When Max was about 12, the German army occupied towns around Pavlovo and he was sent to live with relatives in Budapest. Feeling that he was not wanted, he left the night he arrived and spent about three years living in a brothel—the women there took him in sympathetically—and earning a living as a junior auto mechanic.
But after suffering an arm injury that made it difficult for him to work, he returned to Pavlovo. Before long, the Nazis forced him and his family onto a train to Auschwitz. Upon arrival, he was separated from his mother. his sisters, Rivka and Simcha; and his brother, Sruel Baer. He stayed with his father only for a short time. All of them died in the Holocaust.
He witnessed many horrors. Building a brick wall once, he worked alongside another boy who happened to be used for target practice and was killed.
After a painful death march from Auschwitz, followed by a freezing train transfer to Buchenwald, Max was finally released in the spring of 1945. General Eisenhower himself toured the camp, unaware that a teenage prisoner there would become a tailor’s day. In his memoirs, Mr. Greenfield recalled thinking that Eisenhower, an ordinary 10.5 feet, was 10 feet tall.
He immigrated to the United States in 1947, arriving in New York as a refugee with no family, no knowledge of English and $10 in his pocket. Within weeks, he changed his name to Martin Greenfield—an attempt to sound “all-American,” he wrote—and a childhood friend, also a refugee, got him a job at a clothing store called GGG in Brooklyn.
He started out as a “floor boy”, passing unfinished garments from one worker to another. He studied every job in the factory: darts, piping, lining, stitching, pressing, hand throwing, blind armhole and finishing.

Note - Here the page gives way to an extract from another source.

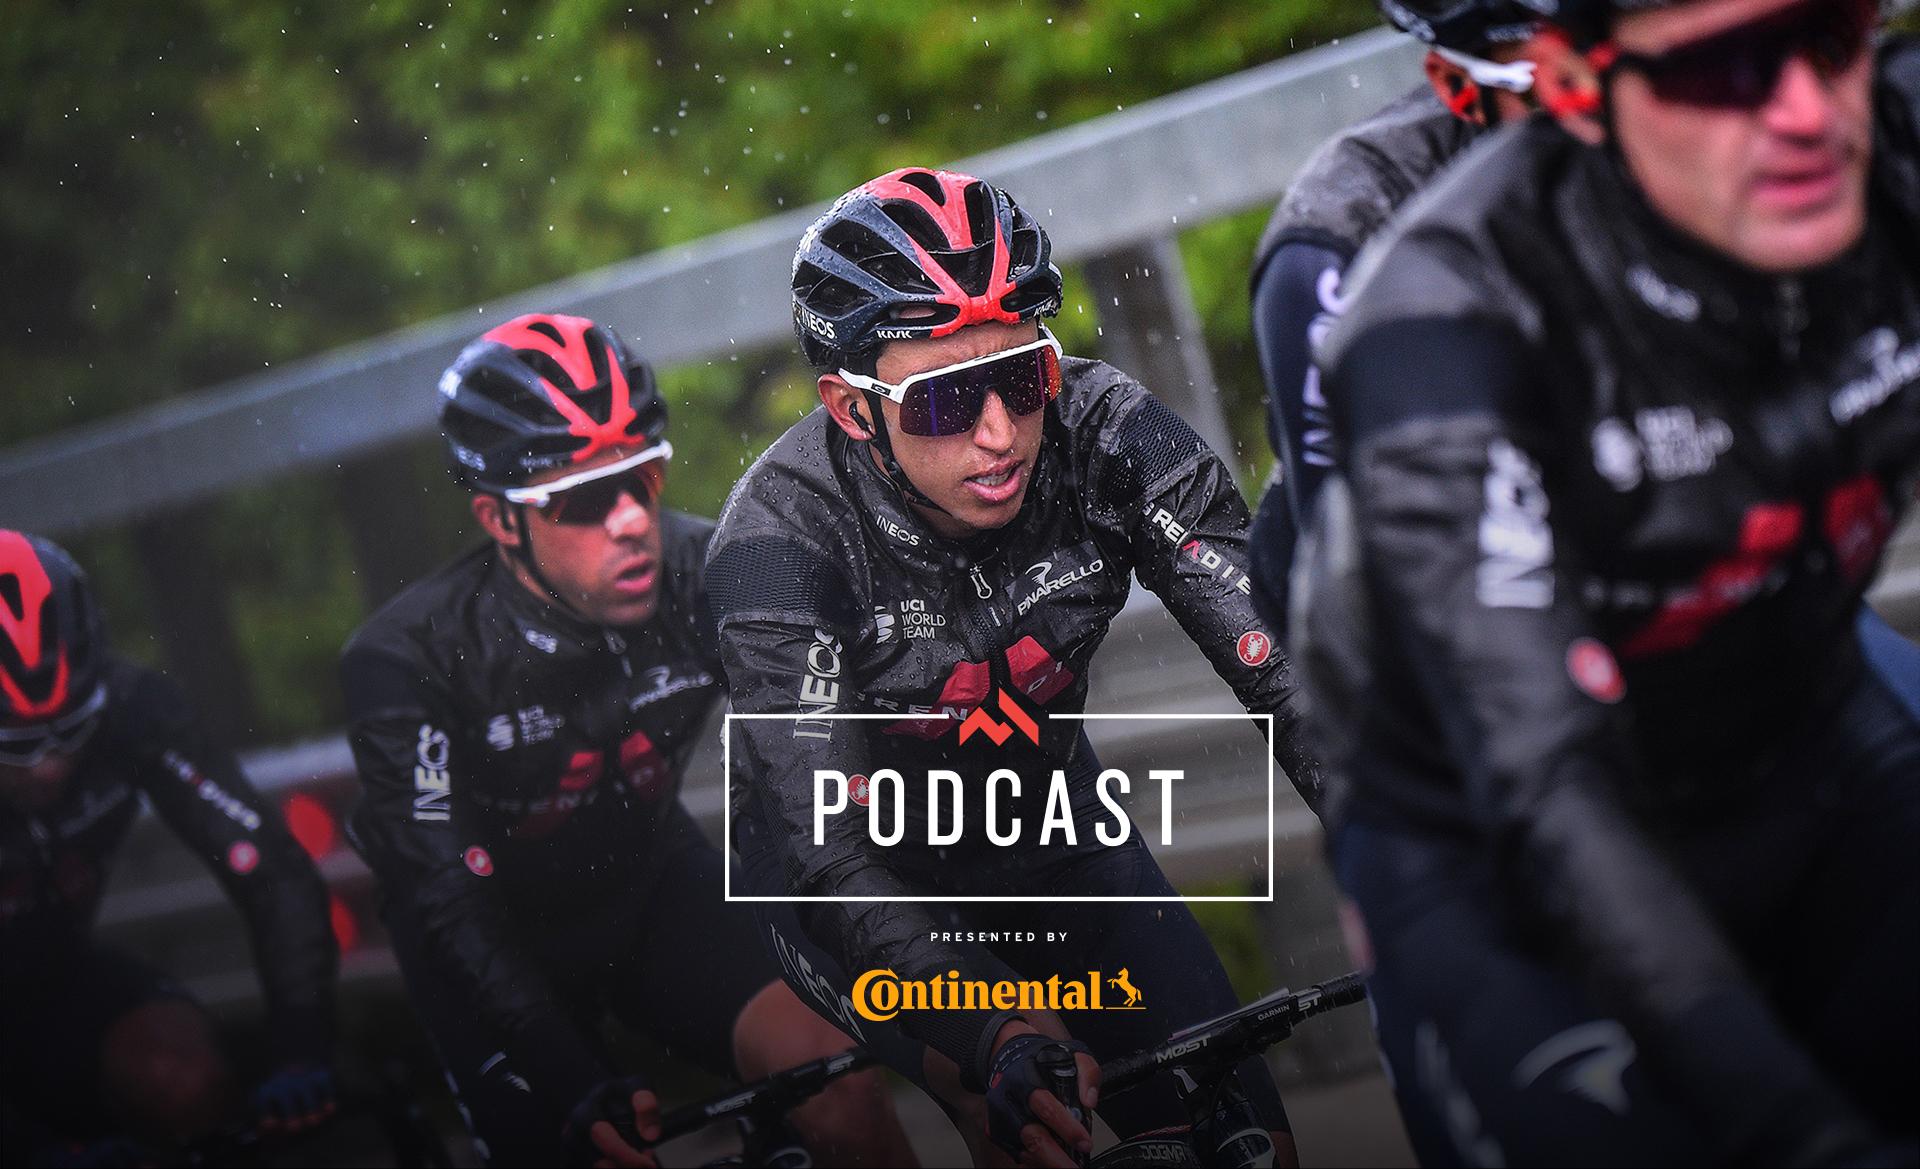 Podcast de CyclingTips: Ciccone está en aguas desconocidas – Giro d'Italia, etapa 6
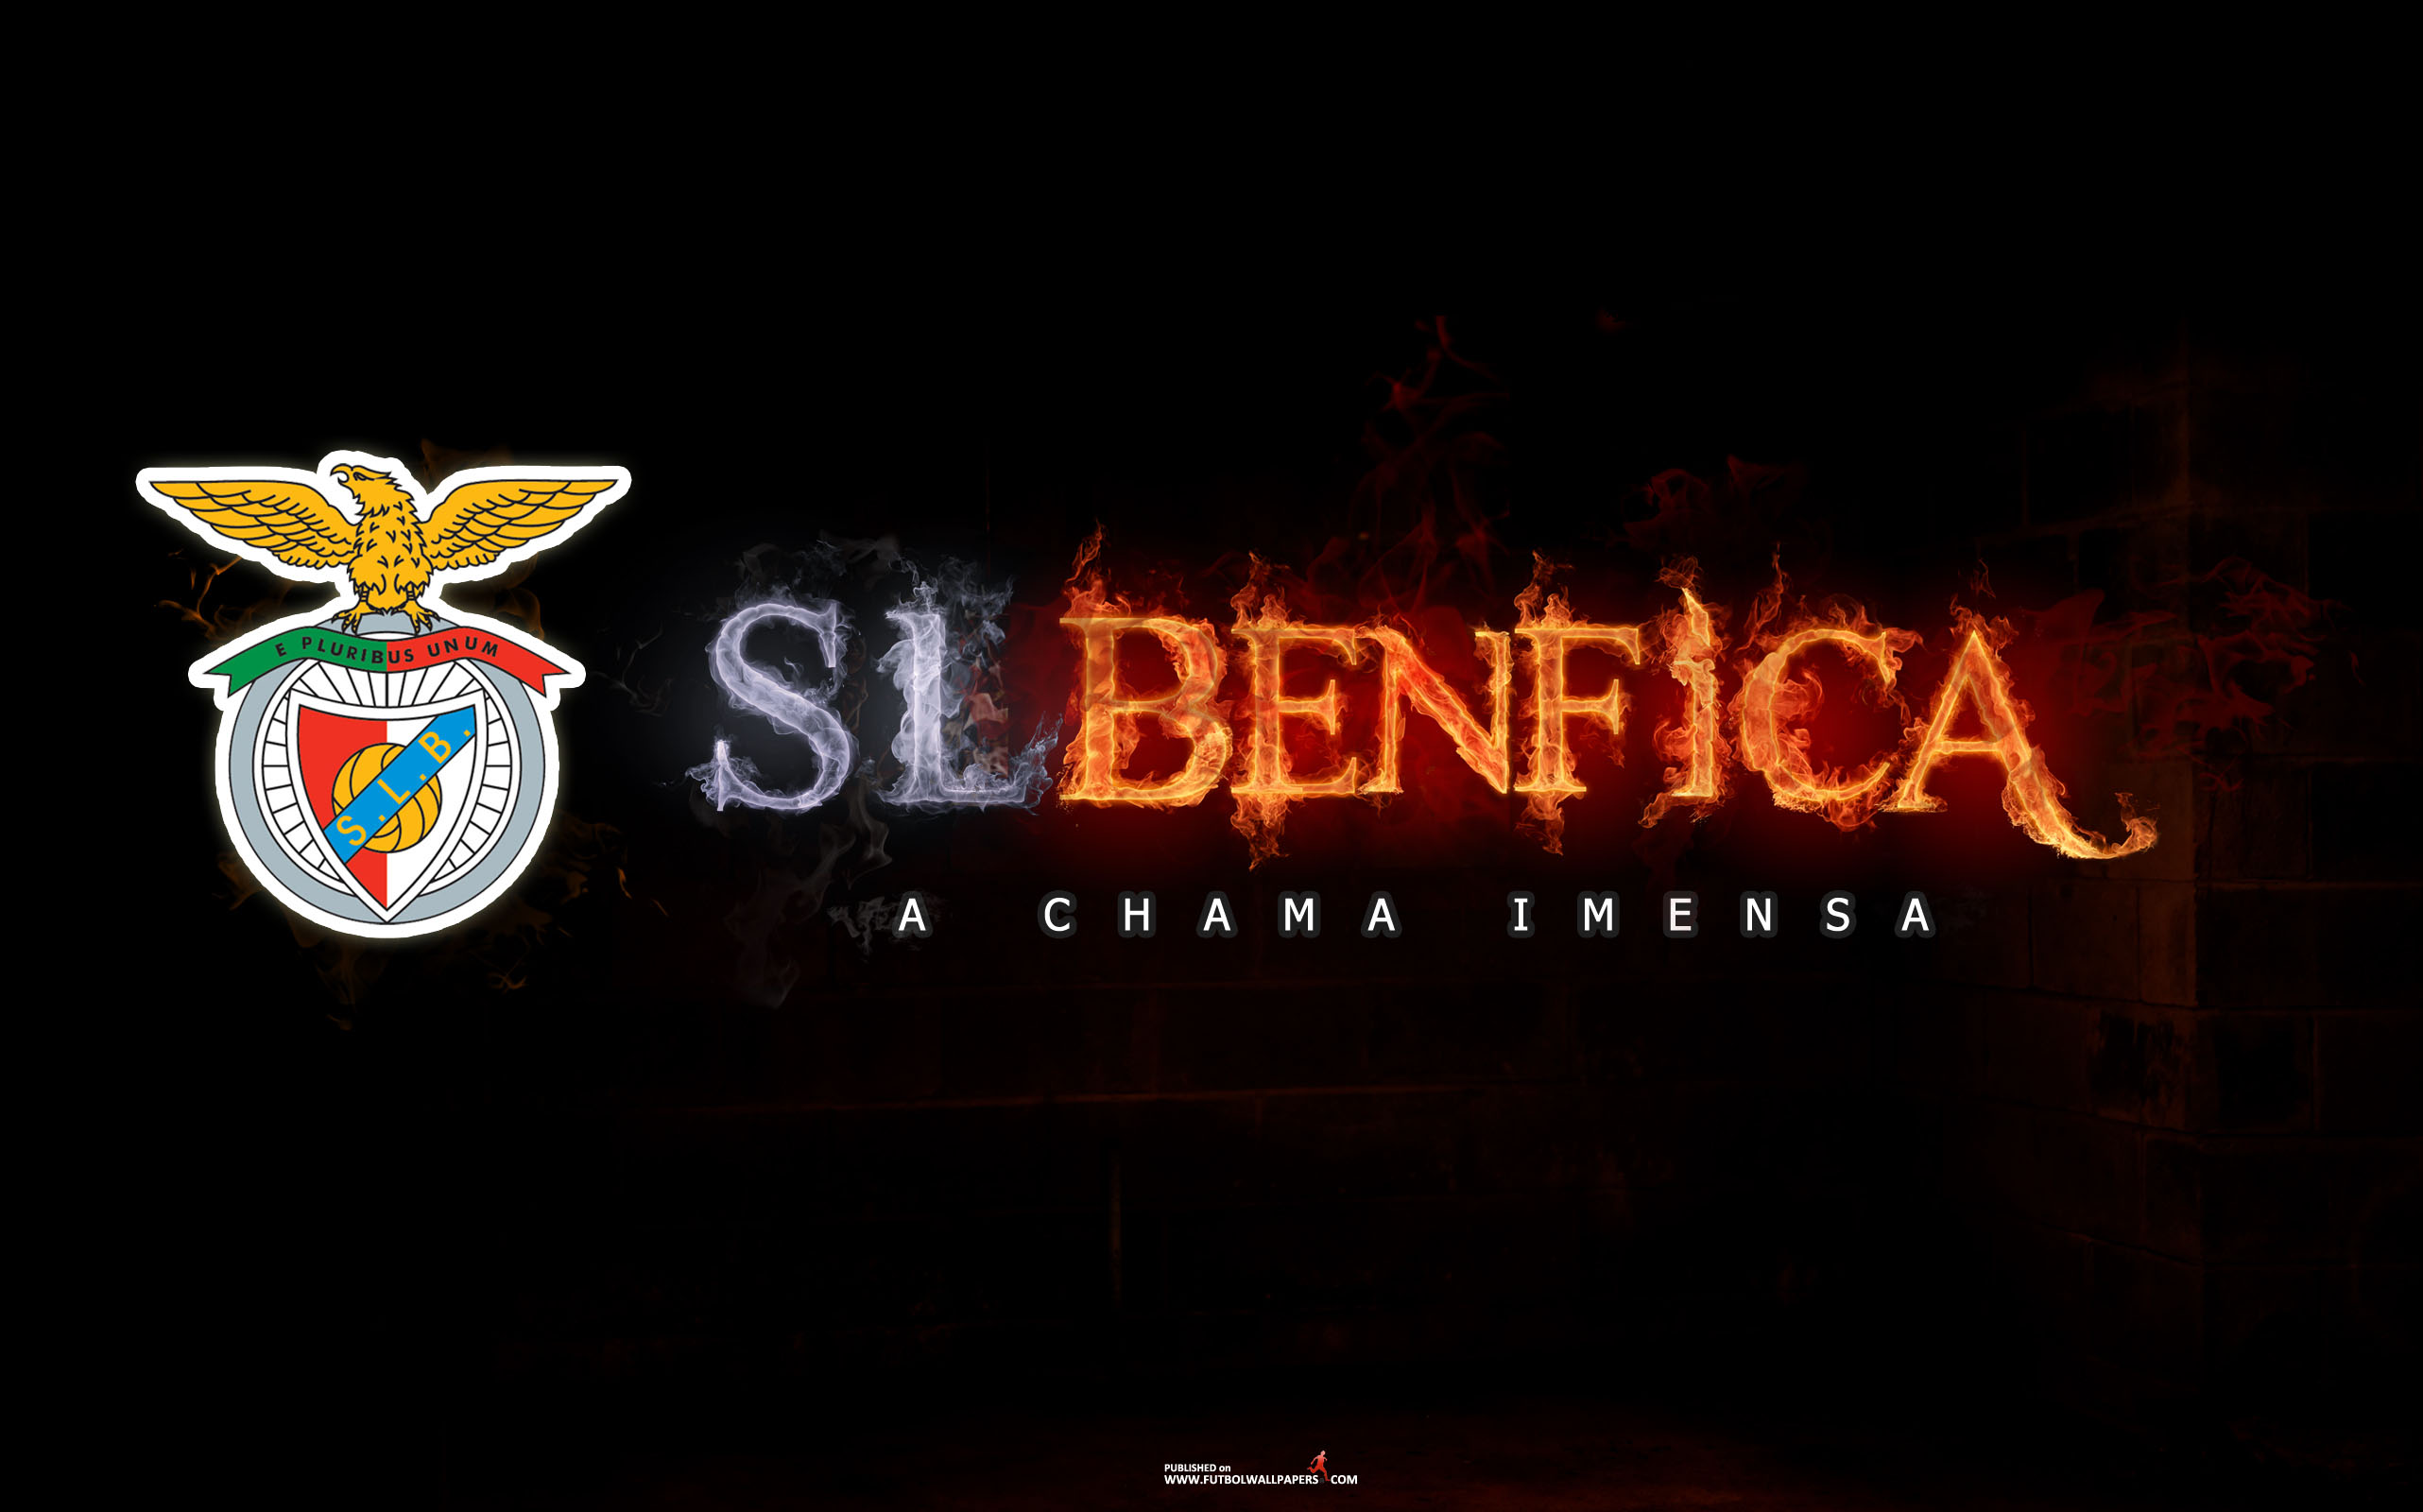 Chùm ảnh: SL Benfica (1)

“If the Nazis taught me anything, it was that a worker with necessary skills is less likely to be rejected,” he wrote.
Over time, Mr. Greenfield became a confidant of GGG’s founder and chairman, William P. Goldman, who introduced him to the firm’s clients, including some of the leading tuxedos of postwar America. He got to hang out with Sinatra and Sammy Davis Jr.
In 1977, 30 years after he had started, he bought the factory and renamed it GGG after himself.
Decades later, he began to discuss his Holocaust experience more widely, culminating in the publication of his memoirs. Around the same time, he found himself being named America’s Best Tailor by GQ, Vanity Fair and CNN.
In recent years he handed the business over to his son Tod and another son, Jay.
In addition to them, Mr. Greenfield is survived by his wife, Arlene (Bergen) Greenfield, and four grandchildren. He lived in North Hills, a Nassau County village on the north shore of Long Island.
On his first day at Auschwitz, Max’s father, Joseph, told him he was more likely to survive if they were separated, Mr. Greenfield wrote in his memoir. The next day, the camp guards asked which prisoners had abilities. Joseph grabbed Max’s wrist, shoved the boy’s hand in the air and announced, “A4406” — Max’s tattooed prisoner number. “He’s an engineer. Very skilled.”
Two German soldiers led Max away. He never saw his father again.
Before they parted, Joseph told Max, “If you survive, you live for us.”
The rest of Mr. Greenfield’s life was an effort to follow that command, his son Todd said: “And that’s what he did.”